> [REQUIREMENT] An exact transcription of all the data is required.

(Records from a data collection)
--- START ---

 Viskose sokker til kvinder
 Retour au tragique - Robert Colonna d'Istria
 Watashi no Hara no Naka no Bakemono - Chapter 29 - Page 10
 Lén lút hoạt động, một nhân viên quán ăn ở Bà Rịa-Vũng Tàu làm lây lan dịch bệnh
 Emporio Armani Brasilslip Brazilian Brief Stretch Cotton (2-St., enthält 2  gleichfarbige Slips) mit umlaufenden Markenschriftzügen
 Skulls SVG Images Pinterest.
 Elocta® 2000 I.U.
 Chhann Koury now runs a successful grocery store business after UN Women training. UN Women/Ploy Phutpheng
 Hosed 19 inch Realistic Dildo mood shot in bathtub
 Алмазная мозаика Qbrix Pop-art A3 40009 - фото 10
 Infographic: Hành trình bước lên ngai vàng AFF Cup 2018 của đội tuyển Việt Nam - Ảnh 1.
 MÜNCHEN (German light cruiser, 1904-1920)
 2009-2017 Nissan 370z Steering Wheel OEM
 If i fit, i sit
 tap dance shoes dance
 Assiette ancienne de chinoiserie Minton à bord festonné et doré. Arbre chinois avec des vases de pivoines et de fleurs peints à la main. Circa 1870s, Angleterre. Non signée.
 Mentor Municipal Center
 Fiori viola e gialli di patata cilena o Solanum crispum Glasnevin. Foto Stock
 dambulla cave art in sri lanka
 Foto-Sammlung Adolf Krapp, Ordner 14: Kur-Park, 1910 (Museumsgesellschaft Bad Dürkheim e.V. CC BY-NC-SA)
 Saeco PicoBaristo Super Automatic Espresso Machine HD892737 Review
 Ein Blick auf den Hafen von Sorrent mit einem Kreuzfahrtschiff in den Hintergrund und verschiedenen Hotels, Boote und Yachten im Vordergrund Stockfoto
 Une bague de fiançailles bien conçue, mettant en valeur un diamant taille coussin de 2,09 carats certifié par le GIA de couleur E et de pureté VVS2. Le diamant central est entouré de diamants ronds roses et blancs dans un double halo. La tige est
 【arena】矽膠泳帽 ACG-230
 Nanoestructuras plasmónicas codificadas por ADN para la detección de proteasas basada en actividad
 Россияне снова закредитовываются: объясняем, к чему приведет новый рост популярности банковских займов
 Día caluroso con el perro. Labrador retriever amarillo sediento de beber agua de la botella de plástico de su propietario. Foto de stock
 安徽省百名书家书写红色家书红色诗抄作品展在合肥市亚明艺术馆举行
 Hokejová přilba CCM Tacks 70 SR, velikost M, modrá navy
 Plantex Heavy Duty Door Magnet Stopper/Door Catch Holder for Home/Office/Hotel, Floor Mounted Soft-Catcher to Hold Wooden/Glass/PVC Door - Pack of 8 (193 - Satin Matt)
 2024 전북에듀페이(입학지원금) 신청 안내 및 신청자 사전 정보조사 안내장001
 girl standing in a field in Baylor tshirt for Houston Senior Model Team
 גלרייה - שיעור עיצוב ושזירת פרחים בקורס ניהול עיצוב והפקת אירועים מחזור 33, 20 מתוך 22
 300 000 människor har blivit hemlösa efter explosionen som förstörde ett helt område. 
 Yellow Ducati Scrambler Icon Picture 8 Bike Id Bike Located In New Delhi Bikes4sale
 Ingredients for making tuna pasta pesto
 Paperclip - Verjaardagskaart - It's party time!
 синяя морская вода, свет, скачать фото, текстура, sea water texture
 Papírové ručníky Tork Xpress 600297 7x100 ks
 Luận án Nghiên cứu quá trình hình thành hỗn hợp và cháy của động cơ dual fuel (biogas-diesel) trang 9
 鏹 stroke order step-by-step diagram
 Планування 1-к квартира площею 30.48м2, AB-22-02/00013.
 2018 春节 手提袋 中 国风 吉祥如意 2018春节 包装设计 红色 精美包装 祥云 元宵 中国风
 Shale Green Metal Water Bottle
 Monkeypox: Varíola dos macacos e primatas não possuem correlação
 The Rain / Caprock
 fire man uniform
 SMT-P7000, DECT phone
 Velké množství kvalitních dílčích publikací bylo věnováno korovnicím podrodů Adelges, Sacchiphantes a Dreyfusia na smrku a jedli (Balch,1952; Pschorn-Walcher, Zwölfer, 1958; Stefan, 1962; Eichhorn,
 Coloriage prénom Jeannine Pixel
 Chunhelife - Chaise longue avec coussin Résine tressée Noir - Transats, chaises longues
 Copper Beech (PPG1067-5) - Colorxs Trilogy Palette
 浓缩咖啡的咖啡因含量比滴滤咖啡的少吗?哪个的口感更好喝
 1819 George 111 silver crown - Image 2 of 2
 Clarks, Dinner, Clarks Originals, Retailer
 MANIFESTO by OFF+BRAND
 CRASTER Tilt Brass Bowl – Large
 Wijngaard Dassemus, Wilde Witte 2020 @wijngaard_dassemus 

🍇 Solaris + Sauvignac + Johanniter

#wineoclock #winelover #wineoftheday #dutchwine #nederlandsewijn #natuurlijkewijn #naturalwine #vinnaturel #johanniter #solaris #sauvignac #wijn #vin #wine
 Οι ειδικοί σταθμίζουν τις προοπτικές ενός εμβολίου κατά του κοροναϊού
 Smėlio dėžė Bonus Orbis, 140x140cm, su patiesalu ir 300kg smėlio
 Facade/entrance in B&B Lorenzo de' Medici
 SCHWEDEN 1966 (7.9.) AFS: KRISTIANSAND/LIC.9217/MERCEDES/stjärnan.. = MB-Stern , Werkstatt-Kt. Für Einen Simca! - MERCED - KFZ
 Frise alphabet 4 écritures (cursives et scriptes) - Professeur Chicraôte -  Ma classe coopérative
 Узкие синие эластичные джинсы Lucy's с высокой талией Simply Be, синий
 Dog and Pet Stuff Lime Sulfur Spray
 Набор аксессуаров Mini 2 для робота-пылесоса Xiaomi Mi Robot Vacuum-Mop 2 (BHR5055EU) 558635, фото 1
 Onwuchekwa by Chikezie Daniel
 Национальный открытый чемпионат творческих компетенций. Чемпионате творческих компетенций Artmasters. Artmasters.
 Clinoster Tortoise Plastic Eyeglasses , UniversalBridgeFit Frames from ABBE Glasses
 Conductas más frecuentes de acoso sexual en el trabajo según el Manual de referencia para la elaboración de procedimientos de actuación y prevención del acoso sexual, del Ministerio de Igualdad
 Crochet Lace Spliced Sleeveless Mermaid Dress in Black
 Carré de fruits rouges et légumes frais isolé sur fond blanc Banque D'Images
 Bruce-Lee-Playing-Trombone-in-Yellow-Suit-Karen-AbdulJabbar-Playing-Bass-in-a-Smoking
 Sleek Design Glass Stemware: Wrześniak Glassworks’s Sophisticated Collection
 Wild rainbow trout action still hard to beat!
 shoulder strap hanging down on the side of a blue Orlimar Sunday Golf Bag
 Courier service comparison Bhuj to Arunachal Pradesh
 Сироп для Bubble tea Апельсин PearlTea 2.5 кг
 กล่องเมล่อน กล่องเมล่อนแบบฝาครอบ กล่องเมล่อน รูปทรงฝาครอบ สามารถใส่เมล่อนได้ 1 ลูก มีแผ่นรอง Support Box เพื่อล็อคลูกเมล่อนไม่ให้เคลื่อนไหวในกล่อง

--- END ---

> [COMPLETED TASK]
 Viskose sokker til kvinder
 Retour au tragique - Robert Colonna d'Istria
 Watashi no Hara no Naka no Bakemono - Chapter 29 - Page 10
 Lén lút hoạt động, một nhân viên quán ăn ở Bà Rịa-Vũng Tàu làm lây lan dịch bệnh
 Emporio Armani Brasilslip Brazilian Brief Stretch Cotton (2-St., enthält 2  gleichfarbige Slips) mit umlaufenden Markenschriftzügen
 Skulls SVG Images Pinterest.
 Elocta® 2000 I.U.
 Chhann Koury now runs a successful grocery store business after UN Women training. UN Women/Ploy Phutpheng
 Hosed 19 inch Realistic Dildo mood shot in bathtub
 Алмазная мозаика Qbrix Pop-art A3 40009 - фото 10
 Infographic: Hành trình bước lên ngai vàng AFF Cup 2018 của đội tuyển Việt Nam - Ảnh 1.
 MÜNCHEN (German light cruiser, 1904-1920)
 2009-2017 Nissan 370z Steering Wheel OEM
 If i fit, i sit
 tap dance shoes dance
 Assiette ancienne de chinoiserie Minton à bord festonné et doré. Arbre chinois avec des vases de pivoines et de fleurs peints à la main. Circa 1870s, Angleterre. Non signée.
 Mentor Municipal Center
 Fiori viola e gialli di patata cilena o Solanum crispum Glasnevin. Foto Stock
 dambulla cave art in sri lanka
 Foto-Sammlung Adolf Krapp, Ordner 14: Kur-Park, 1910 (Museumsgesellschaft Bad Dürkheim e.V. CC BY-NC-SA)
 Saeco PicoBaristo Super Automatic Espresso Machine HD892737 Review
 Ein Blick auf den Hafen von Sorrent mit einem Kreuzfahrtschiff in den Hintergrund und verschiedenen Hotels, Boote und Yachten im Vordergrund Stockfoto
 Une bague de fiançailles bien conçue, mettant en valeur un diamant taille coussin de 2,09 carats certifié par le GIA de couleur E et de pureté VVS2. Le diamant central est entouré de diamants ronds roses et blancs dans un double halo. La tige est
 【arena】矽膠泳帽 ACG-230
 Nanoestructuras plasmónicas codificadas por ADN para la detección de proteasas basada en actividad
 Россияне снова закредитовываются: объясняем, к чему приведет новый рост популярности банковских займов
 Día caluroso con el perro. Labrador retriever amarillo sediento de beber agua de la botella de plástico de su propietario. Foto de stock
 安徽省百名书家书写红色家书红色诗抄作品展在合肥市亚明艺术馆举行
 Hokejová přilba CCM Tacks 70 SR, velikost M, modrá navy
 Plantex Heavy Duty Door Magnet Stopper/Door Catch Holder for Home/Office/Hotel, Floor Mounted Soft-Catcher to Hold Wooden/Glass/PVC Door - Pack of 8 (193 - Satin Matt)
 2024 전북에듀페이(입학지원금) 신청 안내 및 신청자 사전 정보조사 안내장001
 girl standing in a field in Baylor tshirt for Houston Senior Model Team
 גלרייה - שיעור עיצוב ושזירת פרחים בקורס ניהול עיצוב והפקת אירועים מחזור 33, 20 מתוך 22
 300 000 människor har blivit hemlösa efter explosionen som förstörde ett helt område. 
 Yellow Ducati Scrambler Icon Picture 8 Bike Id Bike Located In New Delhi Bikes4sale
 Ingredients for making tuna pasta pesto
 Paperclip - Verjaardagskaart - It's party time!
 синяя морская вода, свет, скачать фото, текстура, sea water texture
 Papírové ručníky Tork Xpress 600297 7x100 ks
 Luận án Nghiên cứu quá trình hình thành hỗn hợp và cháy của động cơ dual fuel (biogas-diesel) trang 9
 鏹 stroke order step-by-step diagram
 Планування 1-к квартира площею 30.48м2, AB-22-02/00013.
 2018 春节 手提袋 中 国风 吉祥如意 2018春节 包装设计 红色 精美包装 祥云 元宵 中国风
 Shale Green Metal Water Bottle
 Monkeypox: Varíola dos macacos e primatas não possuem correlação
 The Rain / Caprock
 fire man uniform
 SMT-P7000, DECT phone
 Velké množství kvalitních dílčích publikací bylo věnováno korovnicím podrodů Adelges, Sacchiphantes a Dreyfusia na smrku a jedli (Balch,1952; Pschorn-Walcher, Zwölfer, 1958; Stefan, 1962; Eichhorn,
 Coloriage prénom Jeannine Pixel
 Chunhelife - Chaise longue avec coussin Résine tressée Noir - Transats, chaises longues
 Copper Beech (PPG1067-5) - Colorxs Trilogy Palette
 浓缩咖啡的咖啡因含量比滴滤咖啡的少吗?哪个的口感更好喝
 1819 George 111 silver crown - Image 2 of 2
 Clarks, Dinner, Clarks Originals, Retailer
 MANIFESTO by OFF+BRAND
 CRASTER Tilt Brass Bowl – Large
 Wijngaard Dassemus, Wilde Witte 2020 @wijngaard_dassemus 

🍇 Solaris + Sauvignac + Johanniter

#wineoclock #winelover #wineoftheday #dutchwine #nederlandsewijn #natuurlijkewijn #naturalwine #vinnaturel #johanniter #solaris #sauvignac #wijn #vin #wine
 Οι ειδικοί σταθμίζουν τις προοπτικές ενός εμβολίου κατά του κοροναϊού
 Smėlio dėžė Bonus Orbis, 140x140cm, su patiesalu ir 300kg smėlio
 Facade/entrance in B&B Lorenzo de' Medici
 SCHWEDEN 1966 (7.9.) AFS: KRISTIANSAND/LIC.9217/MERCEDES/stjärnan.. = MB-Stern , Werkstatt-Kt. Für Einen Simca! - MERCED - KFZ
 Frise alphabet 4 écritures (cursives et scriptes) - Professeur Chicraôte -  Ma classe coopérative
 Узкие синие эластичные джинсы Lucy's с высокой талией Simply Be, синий
 Dog and Pet Stuff Lime Sulfur Spray
 Набор аксессуаров Mini 2 для робота-пылесоса Xiaomi Mi Robot Vacuum-Mop 2 (BHR5055EU) 558635, фото 1
 Onwuchekwa by Chikezie Daniel
 Национальный открытый чемпионат творческих компетенций. Чемпионате творческих компетенций Artmasters. Artmasters.
 Clinoster Tortoise Plastic Eyeglasses , UniversalBridgeFit Frames from ABBE Glasses
 Conductas más frecuentes de acoso sexual en el trabajo según el Manual de referencia para la elaboración de procedimientos de actuación y prevención del acoso sexual, del Ministerio de Igualdad
 Crochet Lace Spliced Sleeveless Mermaid Dress in Black
 Carré de fruits rouges et légumes frais isolé sur fond blanc Banque D'Images
 Bruce-Lee-Playing-Trombone-in-Yellow-Suit-Karen-AbdulJabbar-Playing-Bass-in-a-Smoking
 Sleek Design Glass Stemware: Wrześniak Glassworks’s Sophisticated Collection
 Wild rainbow trout action still hard to beat!
 shoulder strap hanging down on the side of a blue Orlimar Sunday Golf Bag
 Courier service comparison Bhuj to Arunachal Pradesh
 Сироп для Bubble tea Апельсин PearlTea 2.5 кг
 กล่องเมล่อน กล่องเมล่อนแบบฝาครอบ กล่องเมล่อน รูปทรงฝาครอบ สามารถใส่เมล่อนได้ 1 ลูก มีแผ่นรอง Support Box เพื่อล็อคลูกเมล่อนไม่ให้เคลื่อนไหวในกล่อง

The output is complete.